For multiblind i will need more rooms? Or bigger rooms? Both?

And corners? How do i translate them for letters? Or i will need more than one letter? A color or something.


----------



## Ollie (Dec 20, 2012)

granada said:


> So it will be like my memo method for edges, but instead pure letters i will do a history and place the actors doing their actor's stuff in imaginary rooms?



Are you by any chance using the Dominic System?



granada said:


> For multiblind i will need more rooms? Or bigger rooms? Both?.



More rooms, yes. Bigger rooms, not necessarily. As long as they not too small or too big, as a general rule. Just experiment by memorizing a list of random letters, see what works and what doesn't. I.e. I use my old school, my local pubs, my old workplaces and office and routes to university from home as journeys. For the school route I will associate images with objects in the room as well as in the empty spaces = more images per locus.



granada said:


> And corners? How do i translate them for letters? Or i will need more than one letter? A color or something.

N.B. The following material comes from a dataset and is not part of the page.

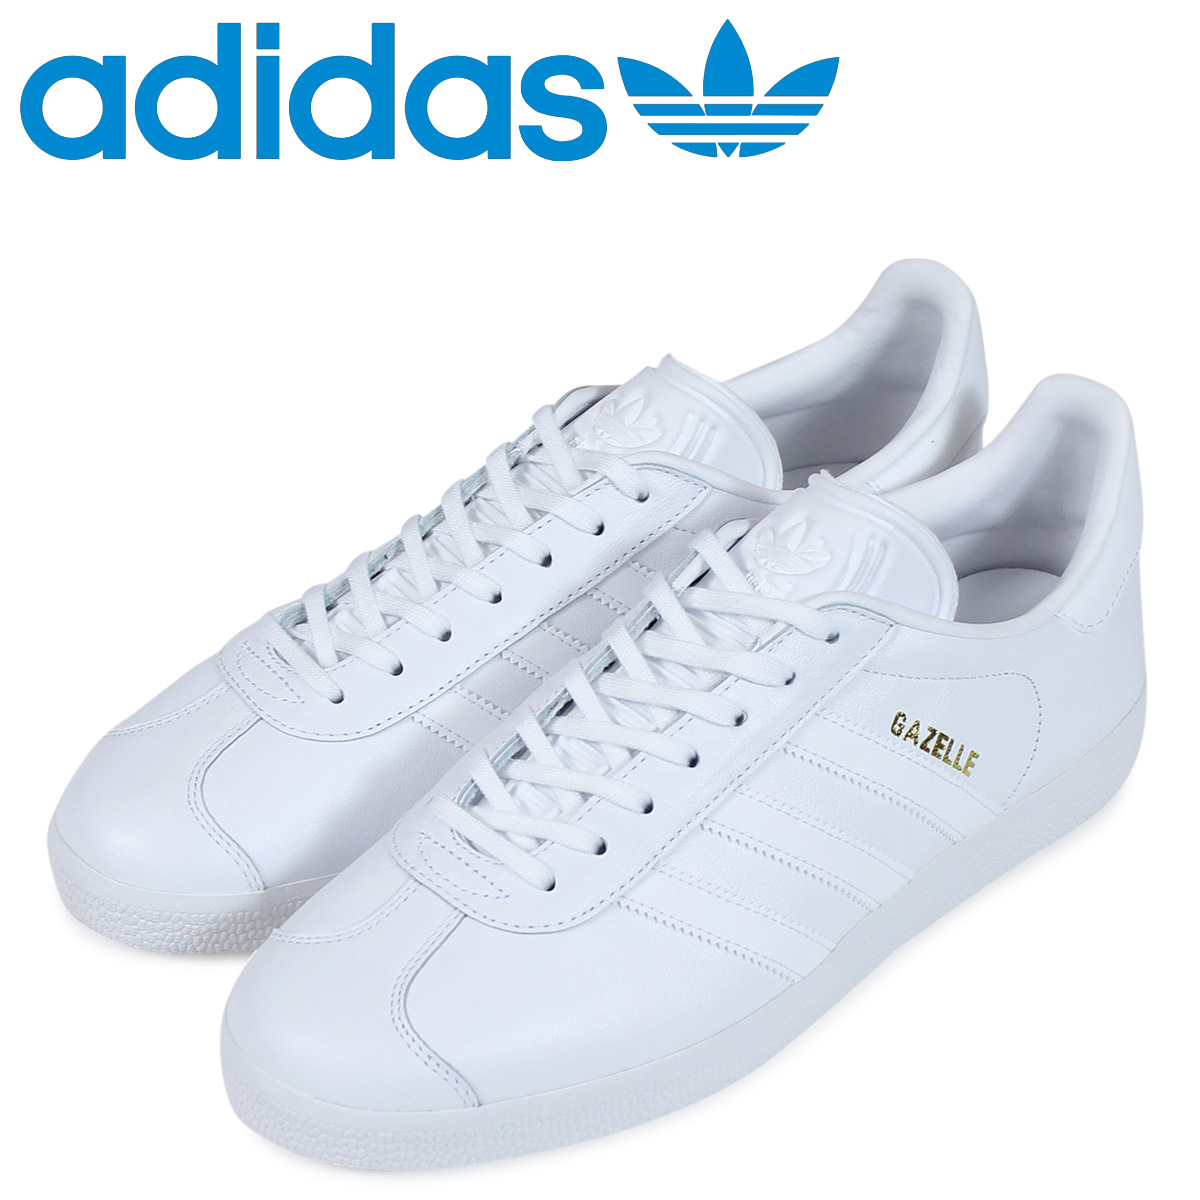 adidas originals gazelle trainers in white bb5498
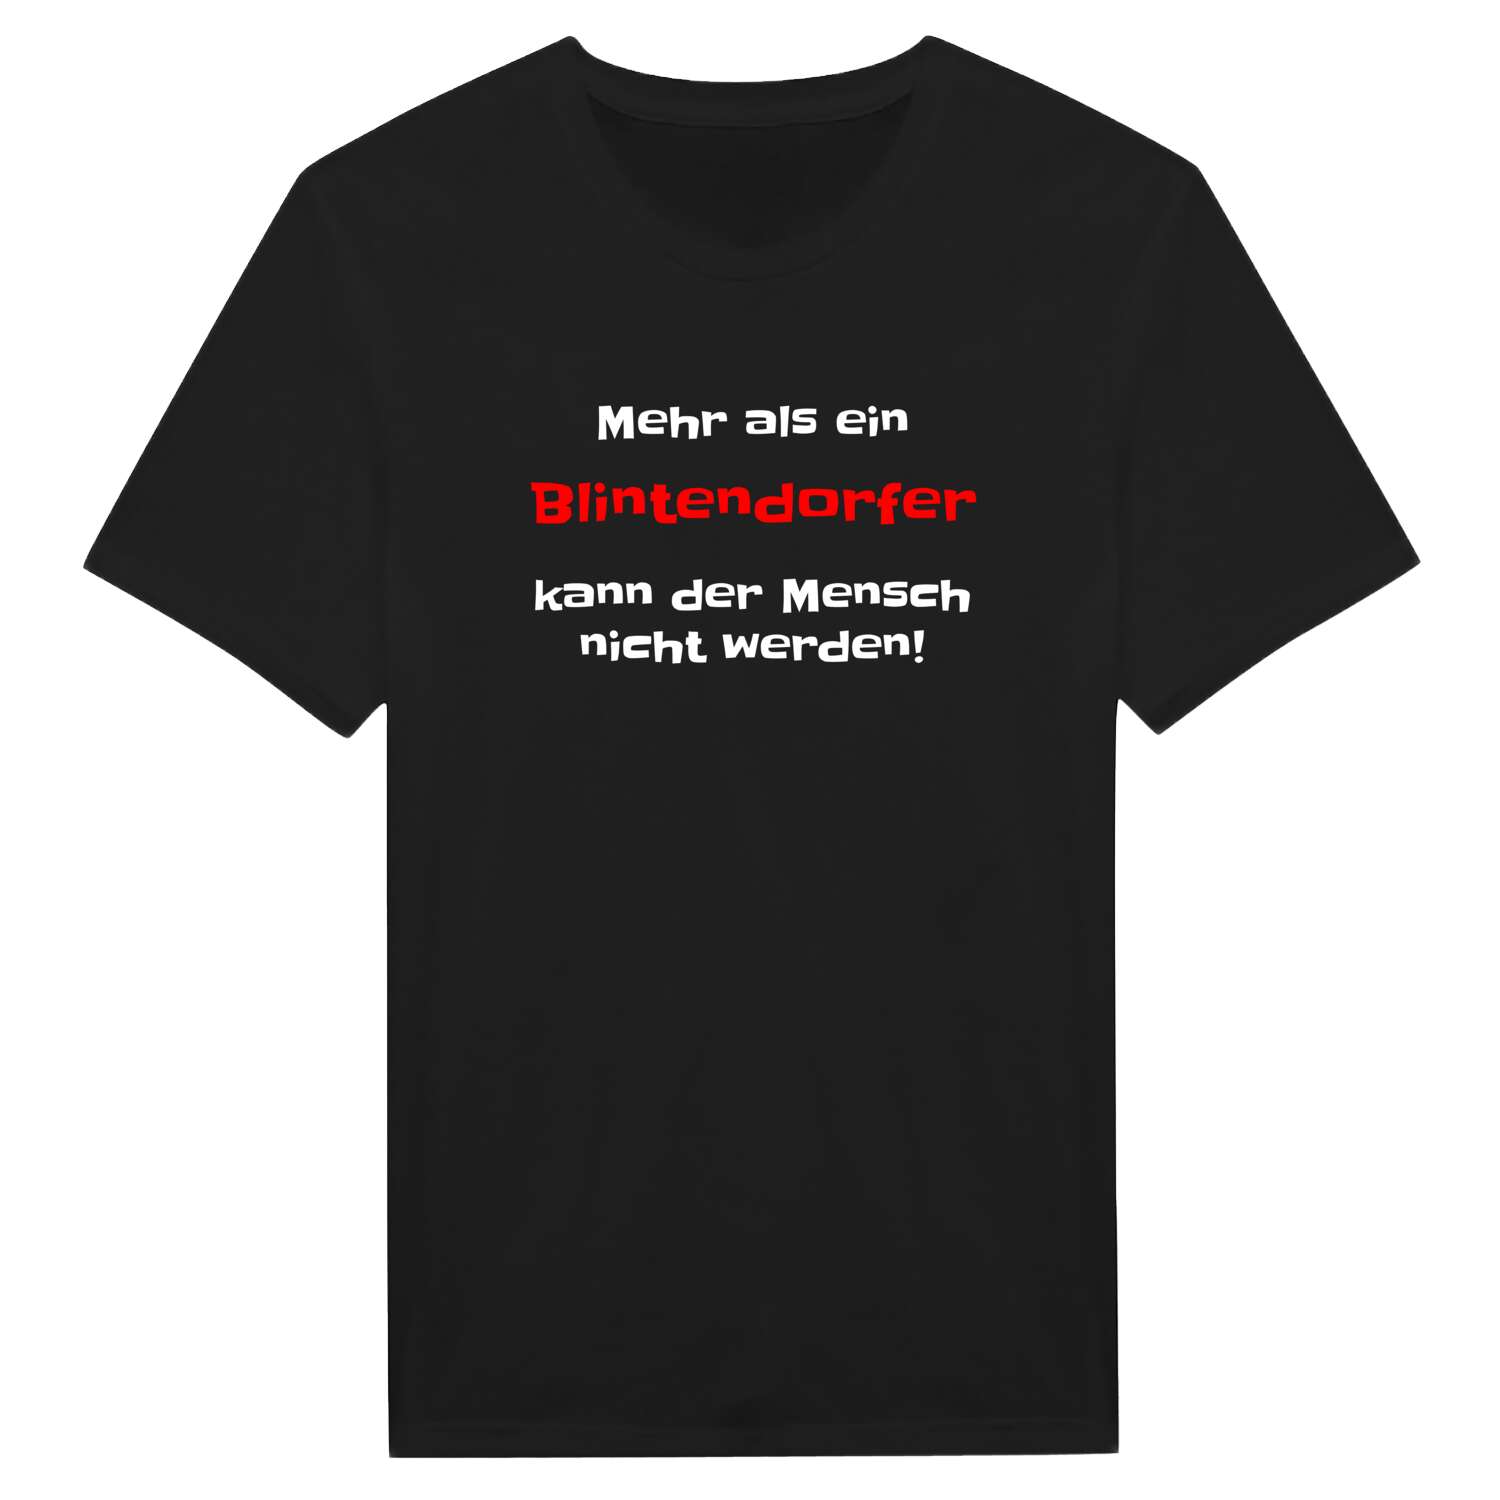 Blintendorf T-Shirt »Mehr als ein«

Search Speffz on the Speedsolving Wiki for ideas. You can use this lettering system, but it's best to come up with your own lettering system that you will understand than to 'learn' another one.


----------



## granada (Dec 20, 2012)

Ollie said:


> Are you by any chance using the Dominic System?



Not that i know.
The system i use i got from some youtube video.




Ollie said:


> Search Speffz on the Speedsolving Wiki for ideas. You can use this lettering system, but it's best to come up with your own lettering system that you will understand than to 'learn' another one.



I think i got that.

Thanks.


----------